Please restate each line of the data that follows word for word, skipping any image.
SUPPLIED MATERIAL below:
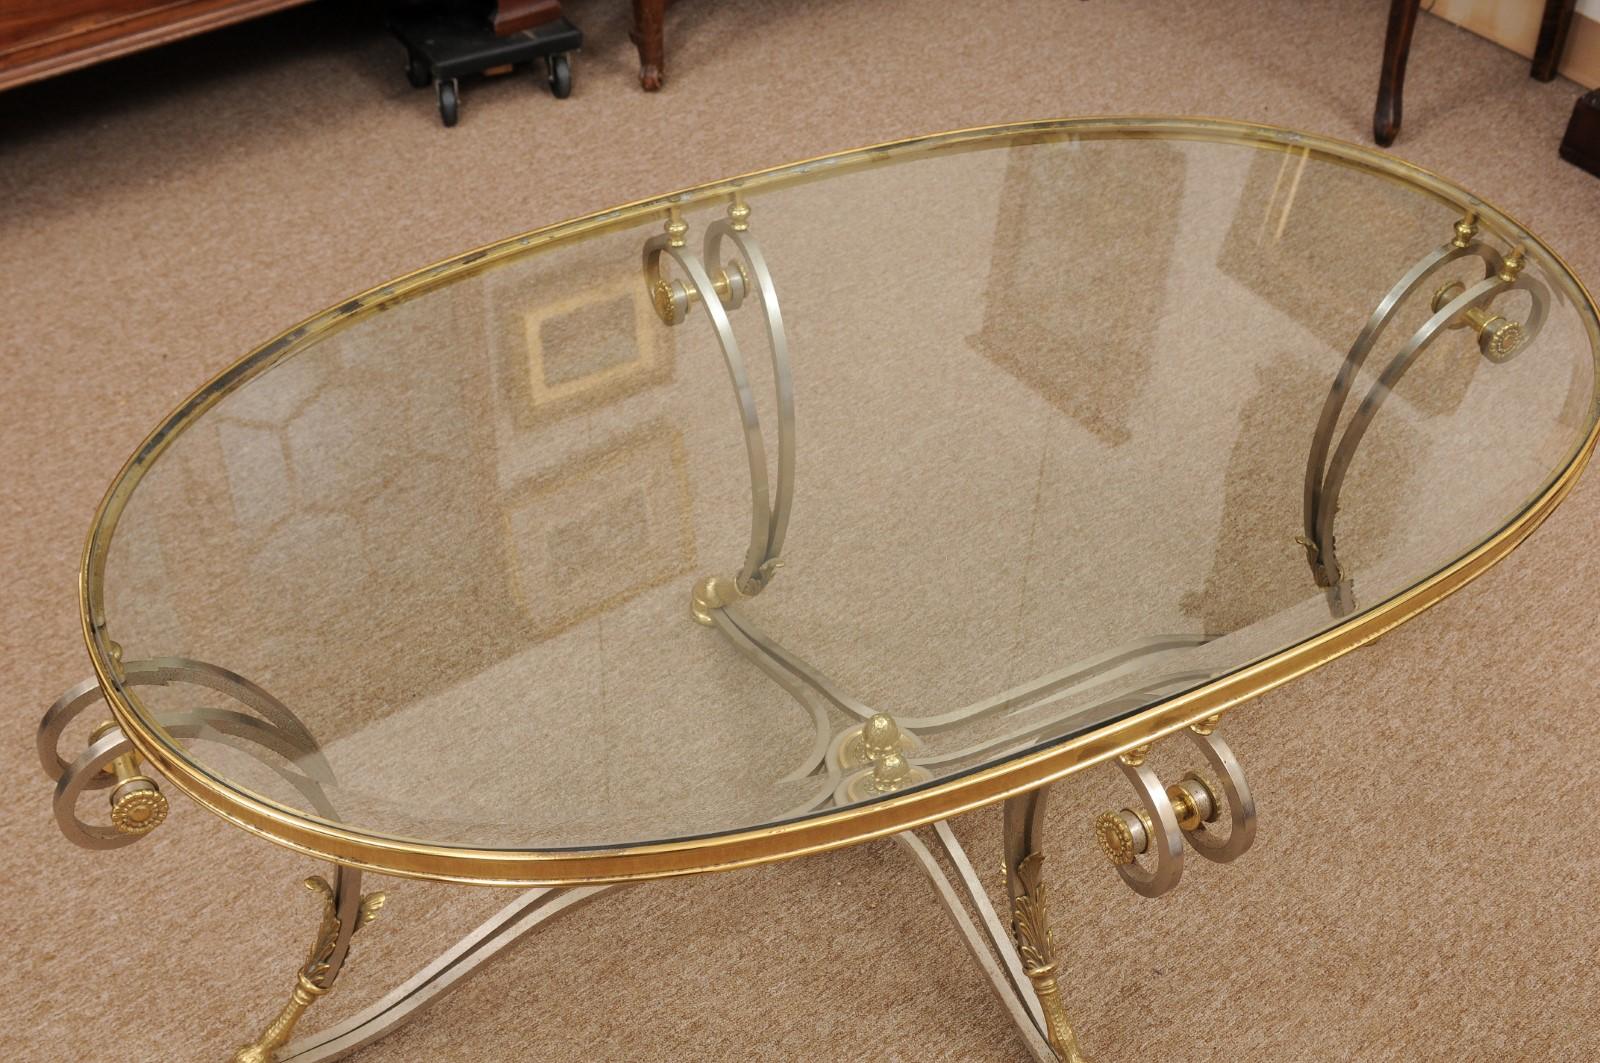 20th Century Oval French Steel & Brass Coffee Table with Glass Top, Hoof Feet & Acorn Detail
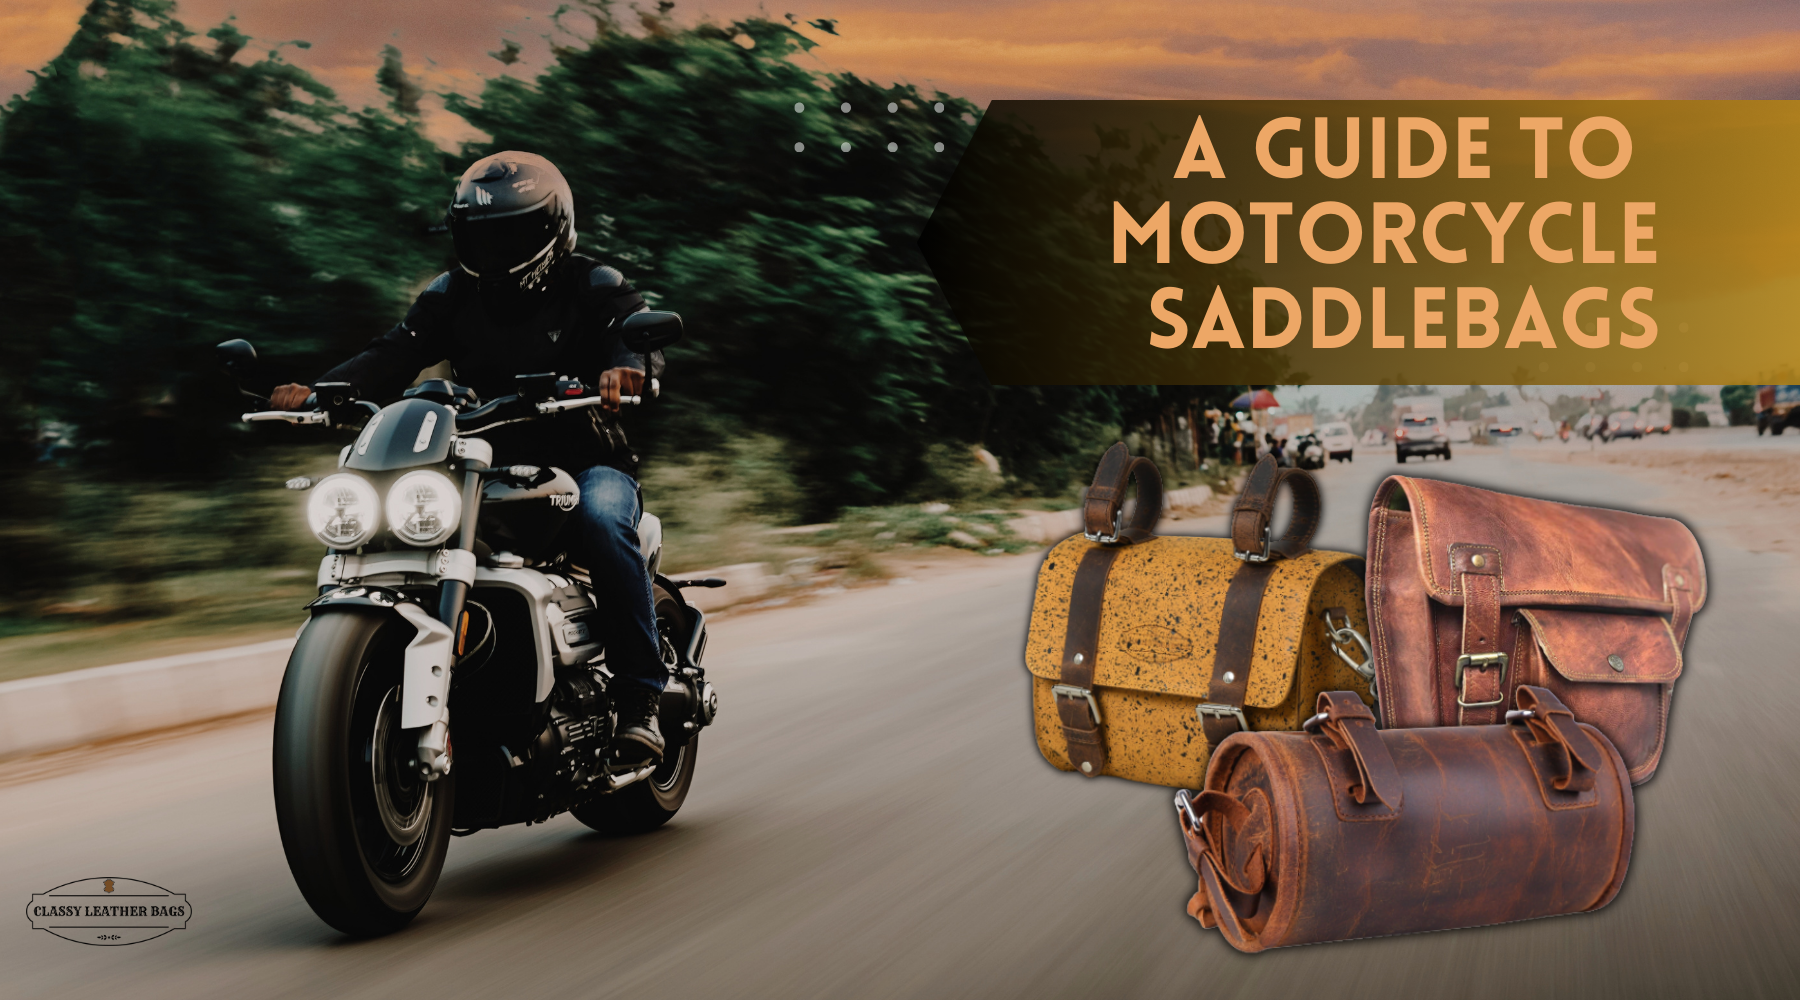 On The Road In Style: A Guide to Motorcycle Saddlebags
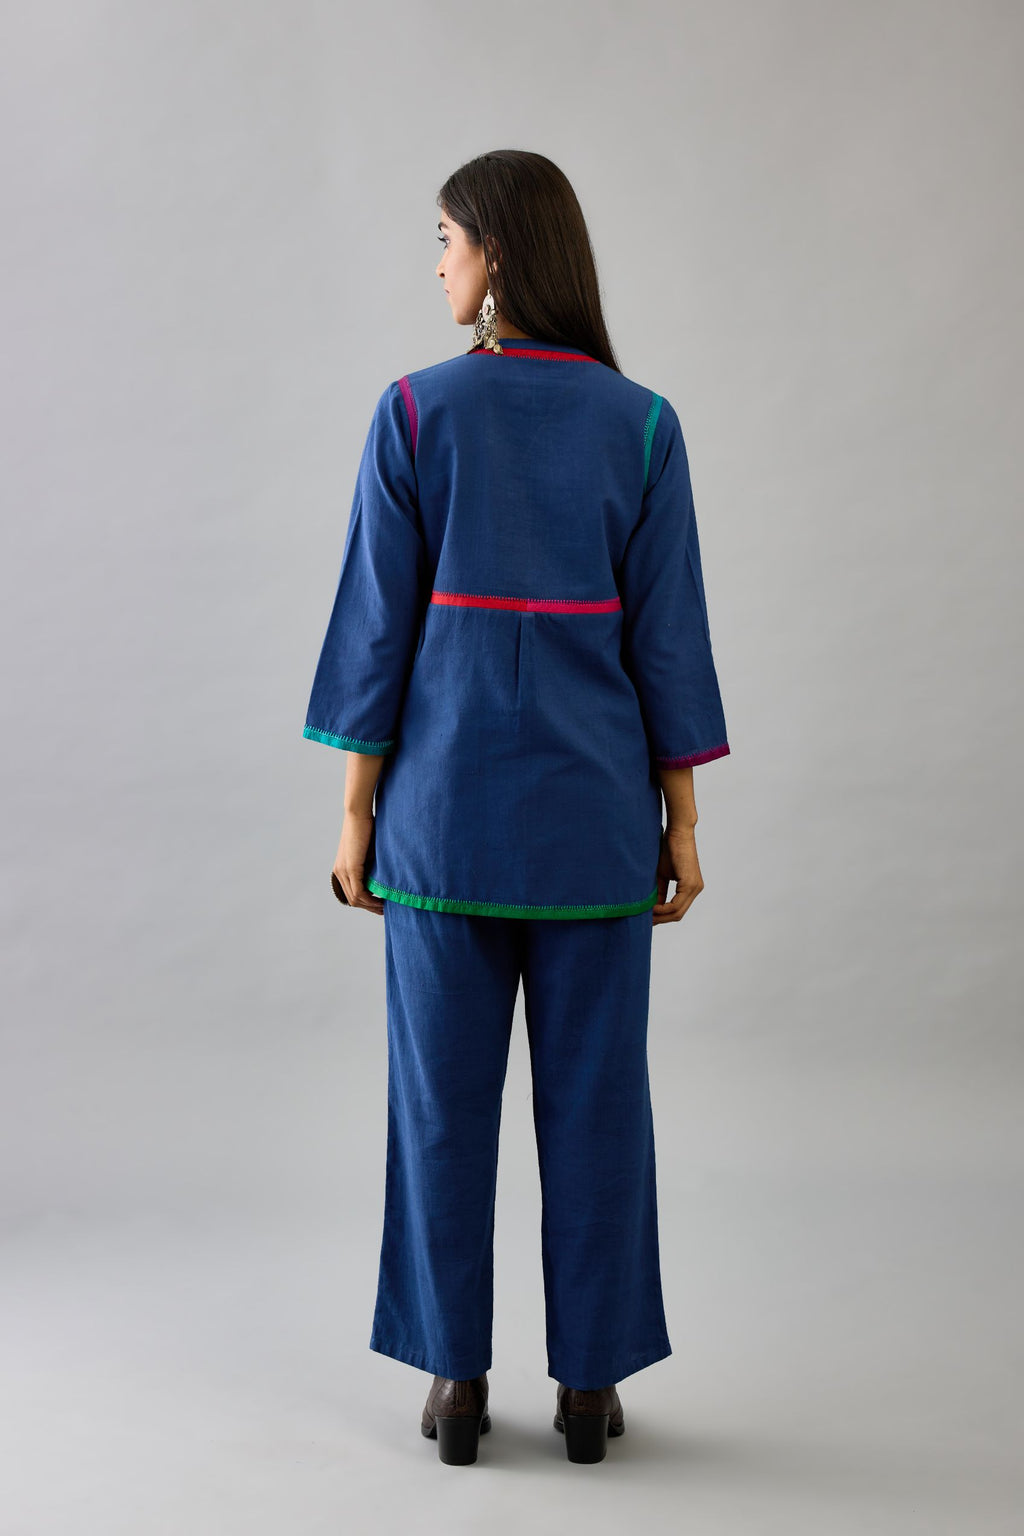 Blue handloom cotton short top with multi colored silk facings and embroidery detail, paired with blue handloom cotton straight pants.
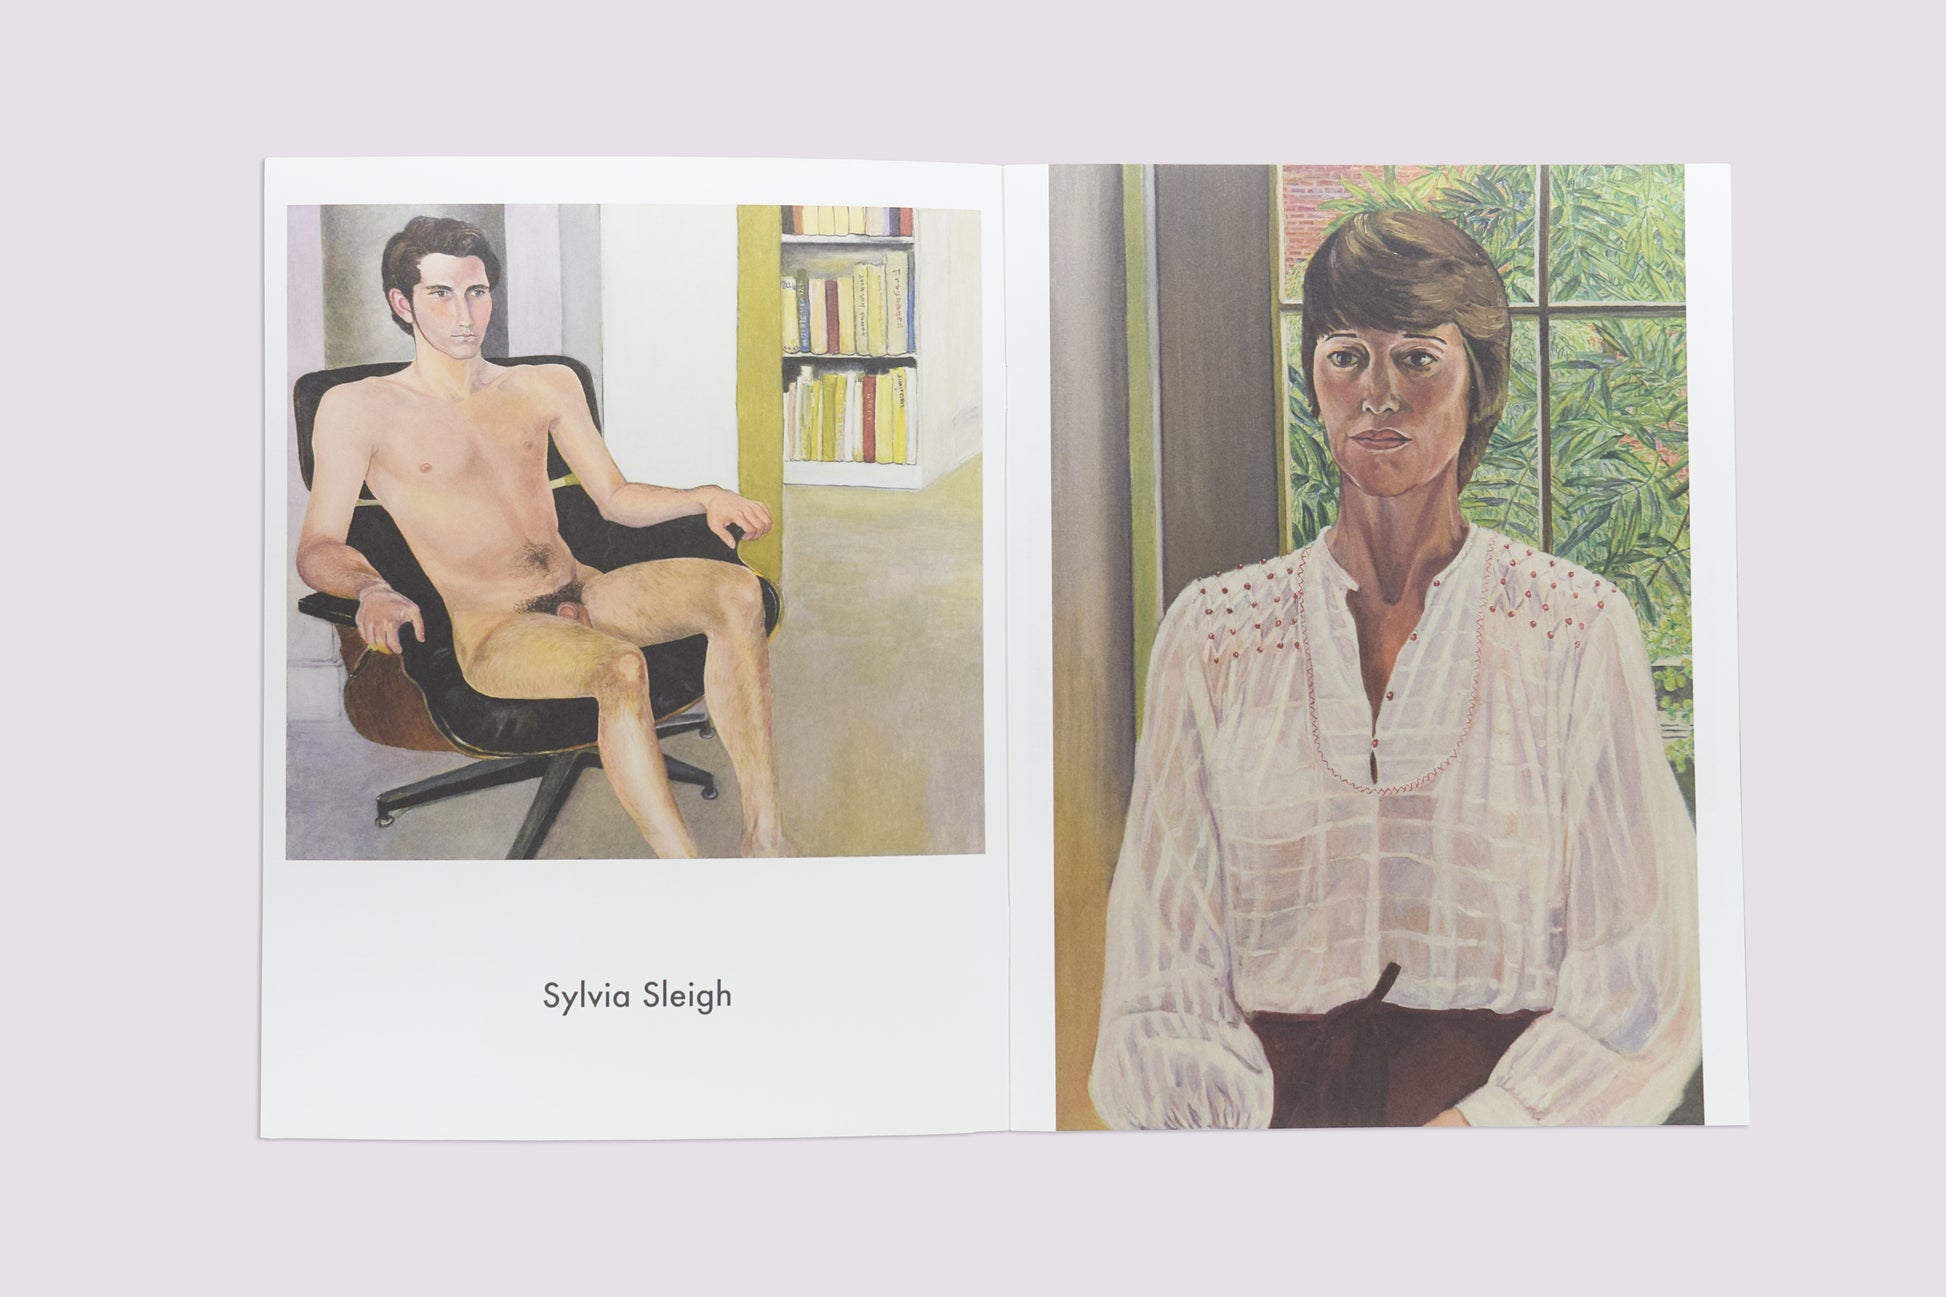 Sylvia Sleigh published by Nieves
End of SUPPLIED MATERIAL.
| TASK ANSWER |
 20th Century Oval French Steel & Brass Coffee Table with Glass Top, Hoof Feet & Acorn Detail
 On The Road In Style: A Guide to Motorcycle Saddlebags
 Blue handloom cotton short top with multi colored silk facings and embroidery detail, paired with blue handloom cotton straight pants.
 Sylvia Sleigh published by Nieves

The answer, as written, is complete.